[CRITIQUE] Cold Skin, de Xavier Gens (sortie DVD)

Le pitch : En 1914, alors que le monde se prépare à l’apocalypse, un jeune homme est débarqué sur une île rocheuse et inhospitalière, près du cercle antarctique. Sa mission : remplacer pour les 12 prochains mois l’officier météorologique qui a mystérieusement disparu. Alors que le bateau s’éloigne, il est loin d’imaginer que de terribles créatures ont déjà pris possession de l’île.
Réalisé par Xavier Gens
Avec David Oakes, Ray Stevenson, Aura Garrido…
Sortie en DVD le 17 juillet 2019
Bonus DVD : Dans les coulisses de Cold Skin (28min) – Entretien exclusif avec Xavier Gens, le réalisateur (35min)

*** Avis partagé sur le site Films-horreur.com ***

Il y a une vie avant Budapest, la comédie potache que Xavier Gens a réalisé en 2018. Le réalisateur du premier Hitman, Frontière(s) ou encore La Horde revient au film de genre avec un film qui n’a malheureusement pas eu de sortie en salle : Cold Skin. Pourtant salué à l’Étrange Festival 2017 et à Gerardmer la même année, le film produit par une maison espagnole a souffert de la (vague) comparaison avec La Forme de l’Eau de Guillermo Del Toro au moment de sa sortie. Et c’est bien dommage, car la seule ressemblance entre Cold Skin et le film oscarisé serait, éventuellement, la présence de créatures aquatiques (sans en révéler trop).
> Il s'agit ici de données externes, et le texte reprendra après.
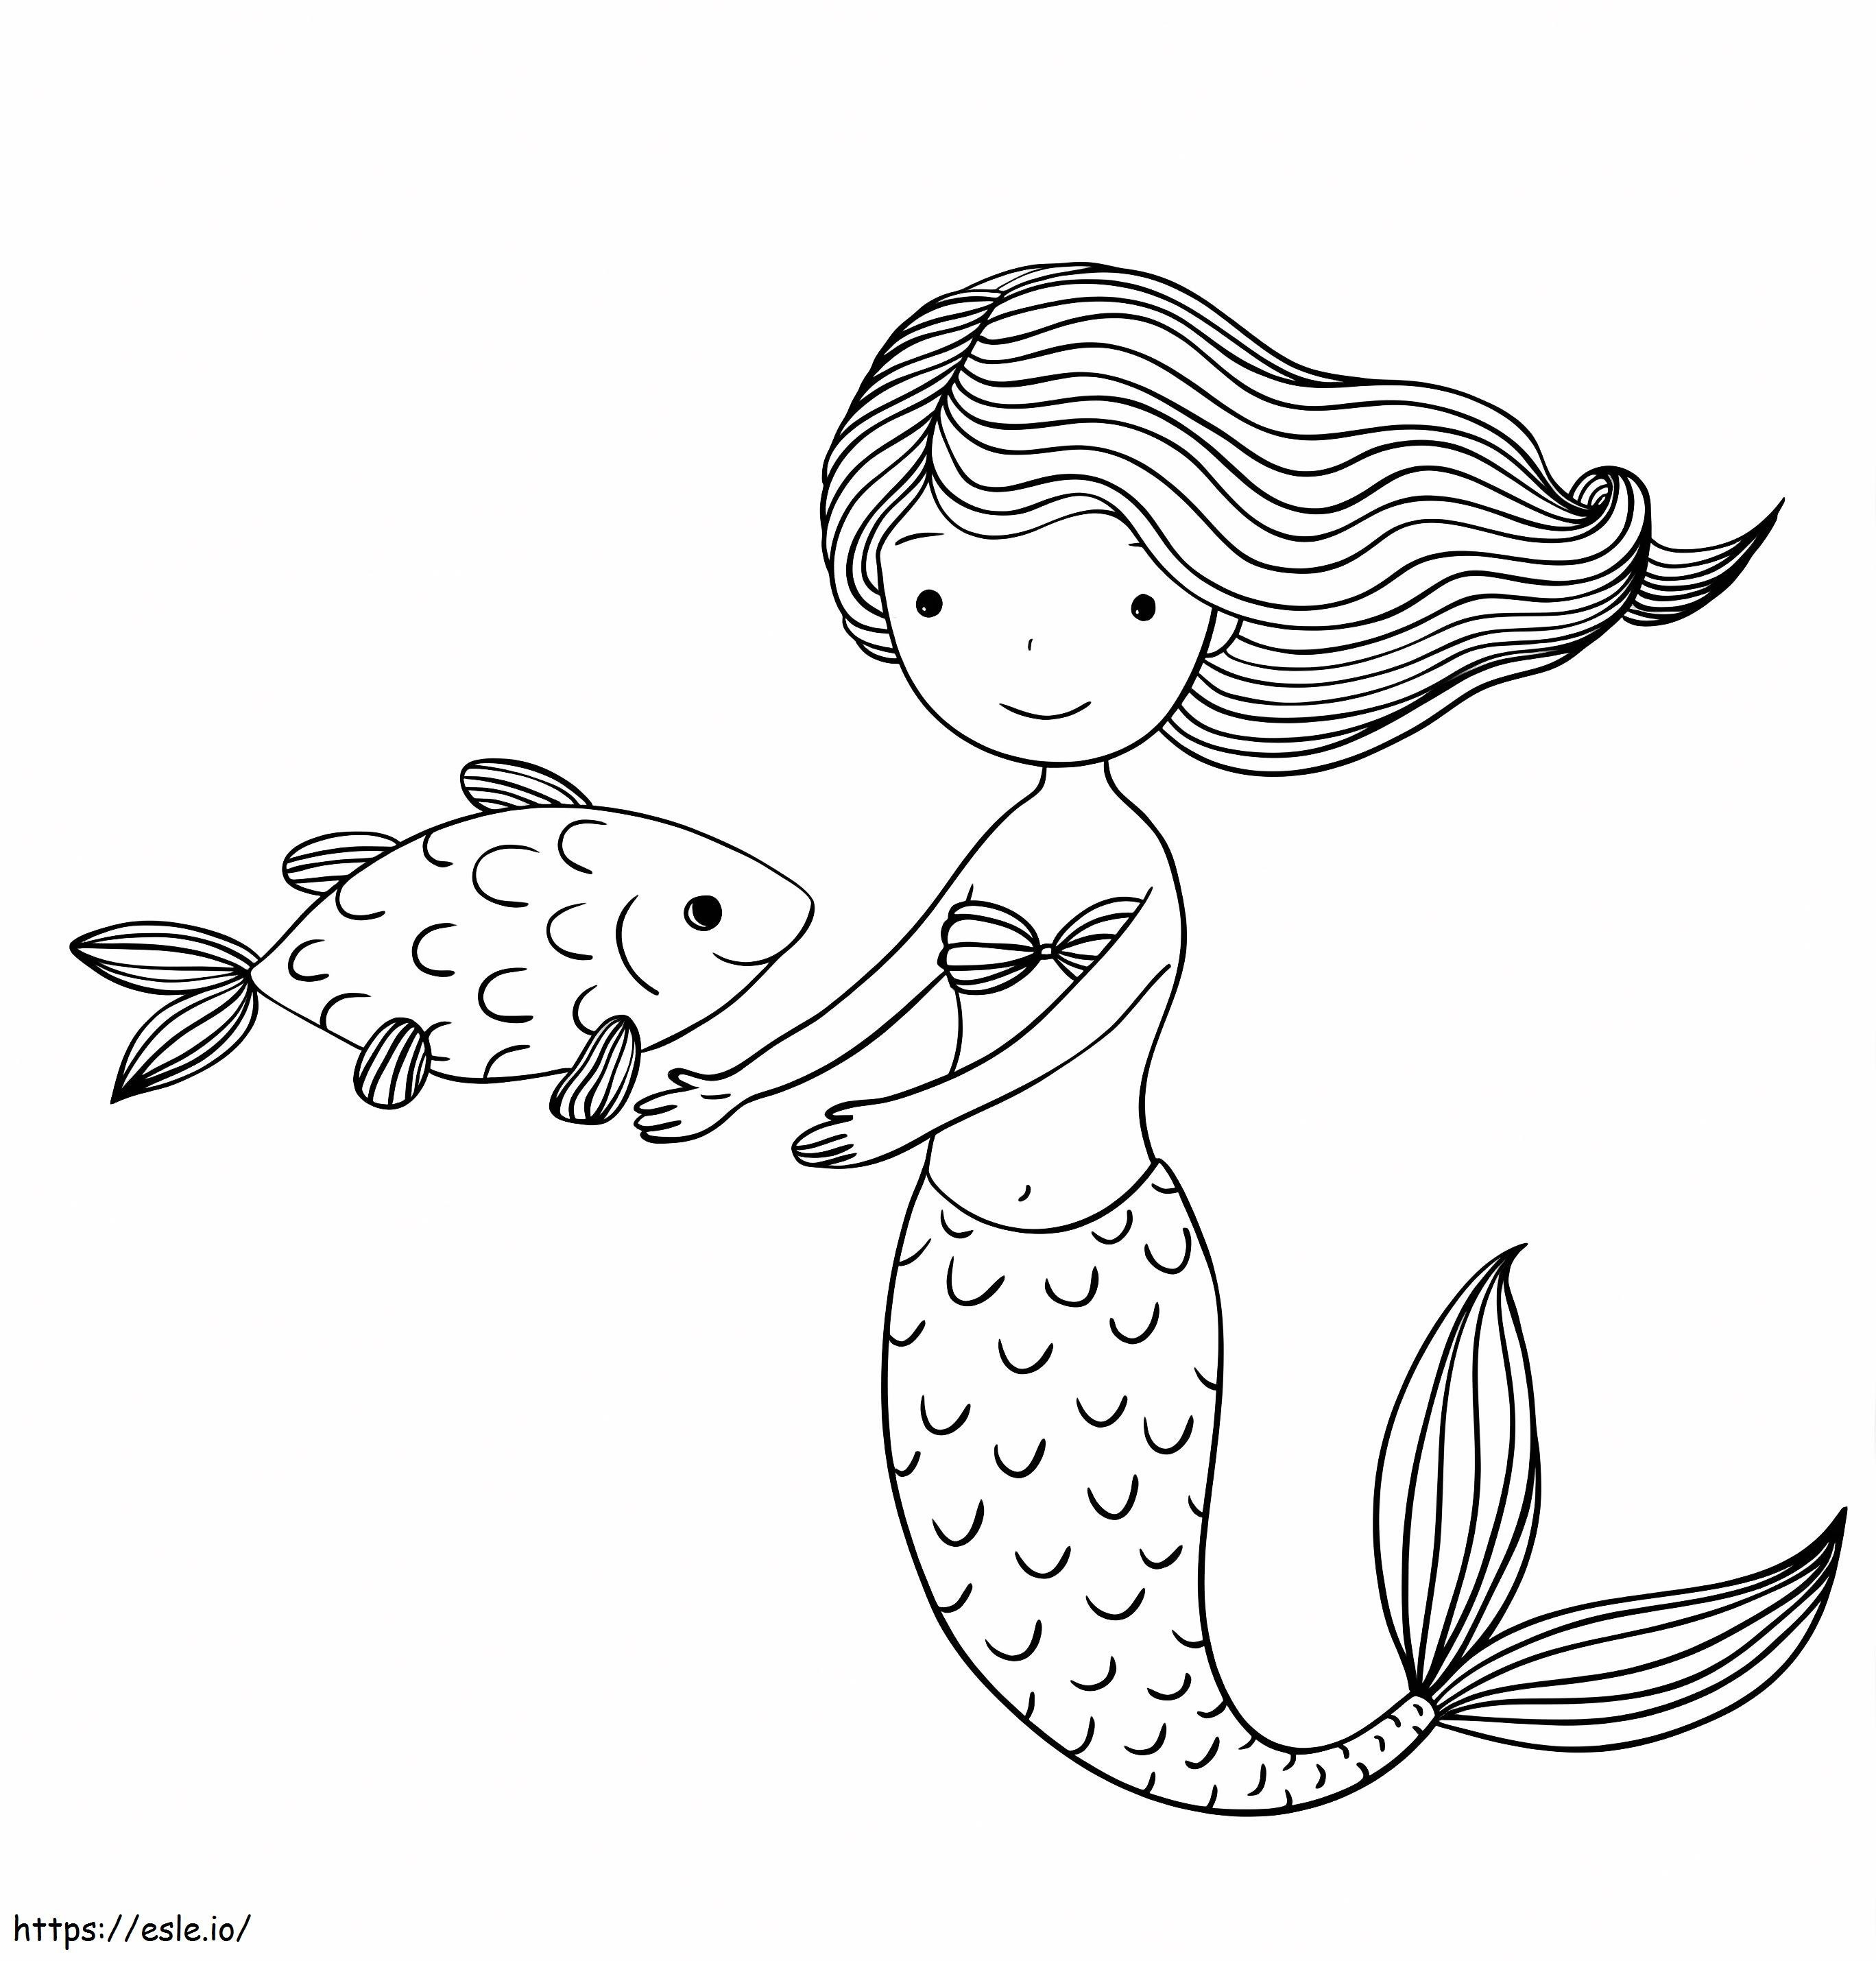 Cute Mermaid And Fish coloring page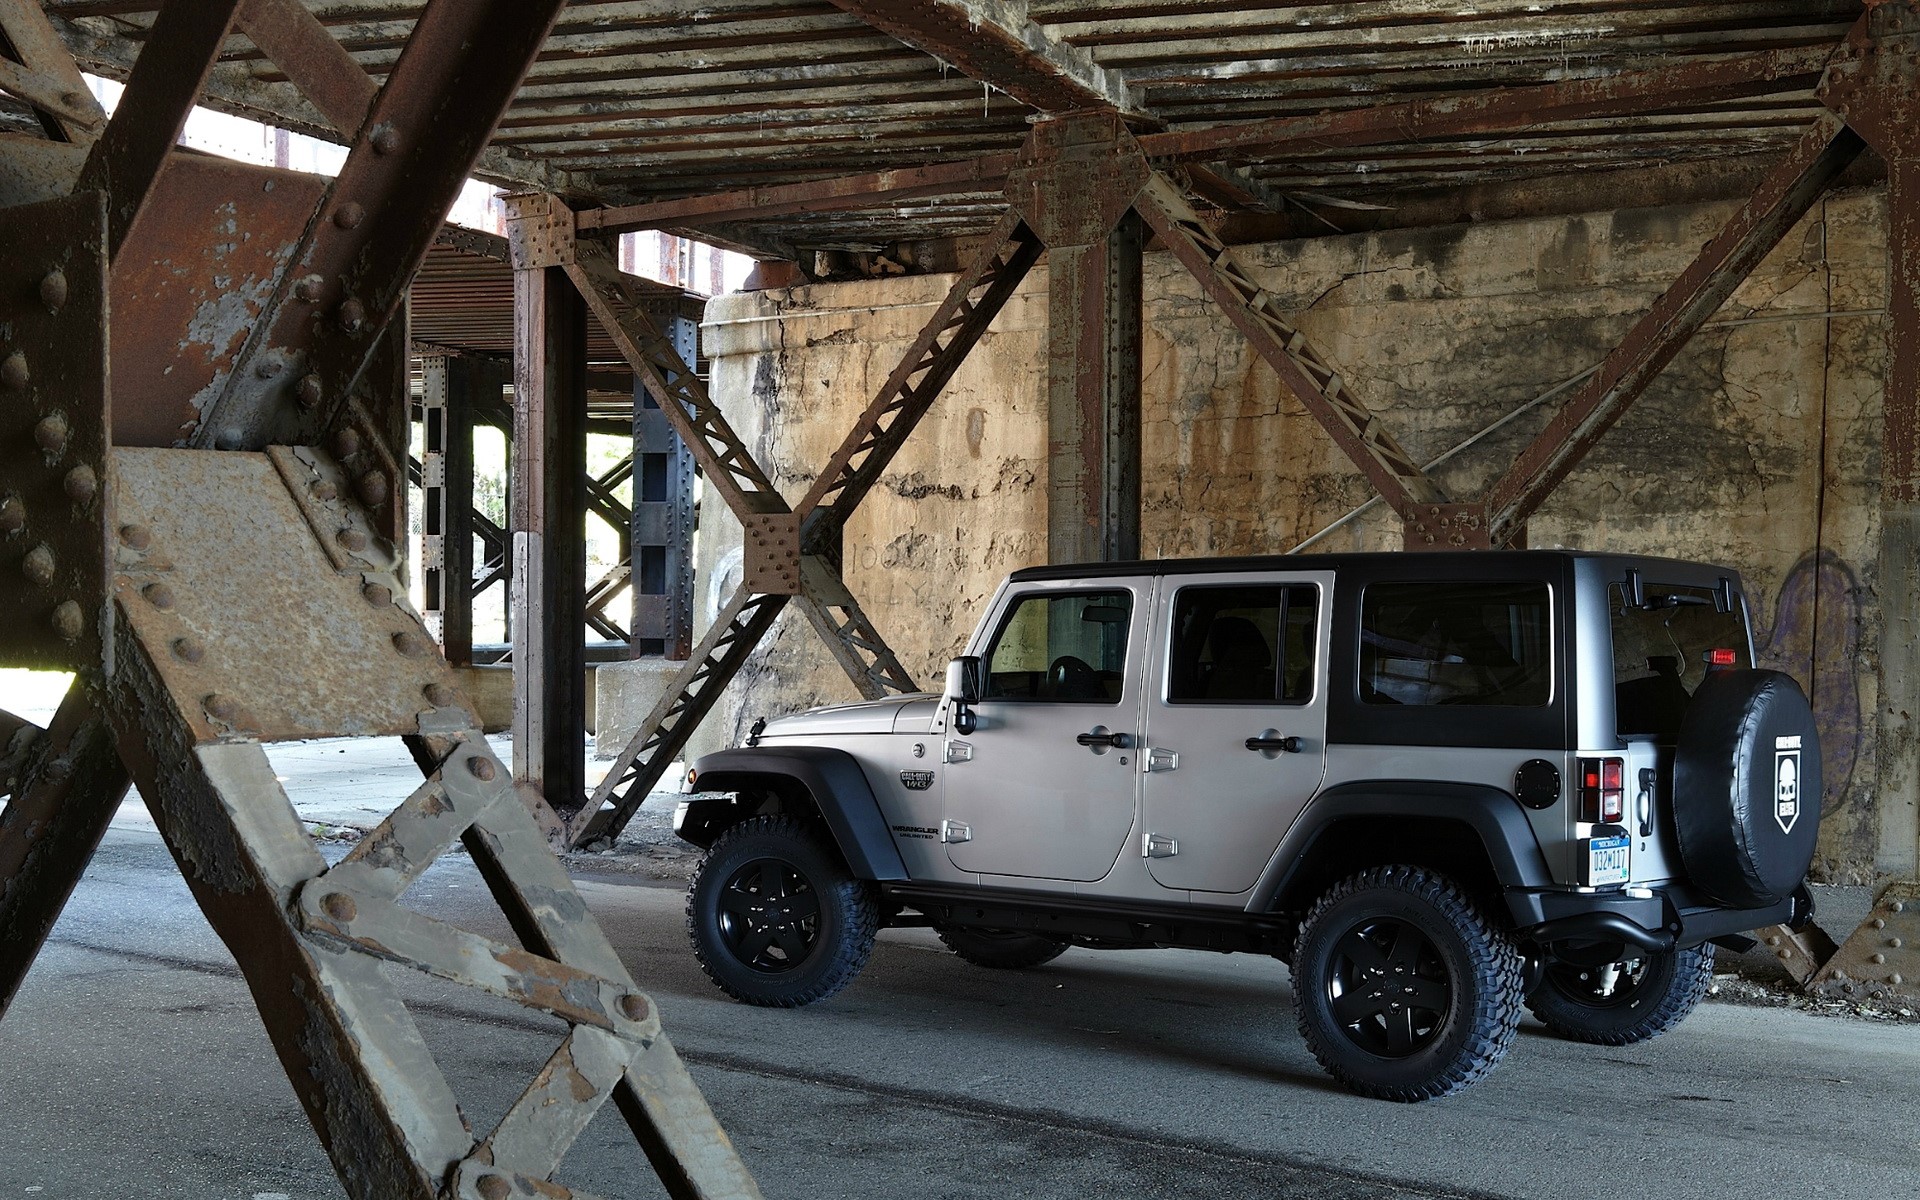 Jeep Quicksand Concept Wallpapers

Mélange entre thriller et film de science-fiction, avec des accents horrifique et dramatique, le film propose un récit âpre et tendu dans lequel un homme se retrouve isolé sur une île hostile, coincé entre des créatures peu amènes et un hôte caractériel. La mise en place peut sembler lente à cause du peu de personnages, mais Cold Skin installe un tableau à la fois austère et graphique, imposant une nature à vif en guise de toile de fond pour mieux souligner un mode de vie aride et désolé. Passé le premier quart d’heure d’angoisse, Xavier Gens scrute des relations conflictuels, entre désir de conquête et instinct de survie, explorant les méandres de la psychologie humaine à l’écart des conventions sociales.
Petit à petit, le face-à-face prend de l’ampleur et la menace oscille fréquemment des attaquants aux victimes. Ce qui marque également dans Cold Skin, c’est que malgré ce récit résolument hostile, le film parvient à déployer des pointes d’humanité, à travers des non-dits et une présence muette, créant ainsi des moments de respirations salutaires. Xavier Gens joue avec une trame nerveuse et crispante, qui accroche jusqu’au dernier acte, parvenant à surprendre grâce à une intrigue rebondissante et surtout qui évolue depuis un point de départ attendu. Loin d’être un simple film d’horreur, Cold Skin conjugue plusieurs codes, entre drama, tension et survival, pour livrer un ensemble étonnant et saisissant.

Le dernier atout, et pas le moindre, c’est le décor du film, véritable catalyseur émotionnel et toile de fond vivant. Filmé en grande partie à Lanzarote et complété par quelques plans shootés en Islande, Cold Skin est d’une beauté fracassante, habité par une lumière qui souligne une île peut accueillante et pourtant parsemée de recoins presque idylliques. Une atmosphère froide et désolée qui contraste avec la vie qui grouille sous les eaux, comme pour mieux souligner cette cohabitation incertaine et explosive. Le budget famélique du film se voit à peine, Xavier Gens et son équipe développent des trésors de mise en scène pour pallier au manque de fonds, comme cette scène aquatique entièrement filmée… sans eau ! Plus en détails, Xavier Gens ne délaisse pas ses personnages et compose quelques plans en slow-motion absolument brillants, marquant le film d’une identité unique. À aucun moment le film donne l’impression d’un déjà-vu désagréable, au contraire, le réalisateur prend des risques en jouant avec la luminosité et les couleurs en passant du presque monochrome à des éclats rougeoyants qui auraient bien trouvé leur place dans une série Z, si Xavier Gens ne maîtrisait pas ses effets de style.

Au casting, Ray Stevenson (Thor, Divergente…) et David Oakes (Action ou Vérité, Victoria…) se font face à travers des personnages à fleur de peau et diamétralement opposés, tandis que Aura Garrido, certes méconnaissable, est une jolie découverte.

En conclusion, si Xavier Gens a livré des films auparavant plus frontaux, Cold Skin apparaît comme un de ses travaux les plus subtiles et insaisissables. On se laisse porté par un récit mouvant et nerveux qui réserve autant de sueurs froides que de moments de satisfaction : surtout celle d’avoir laisser une chance à ce film. À voir.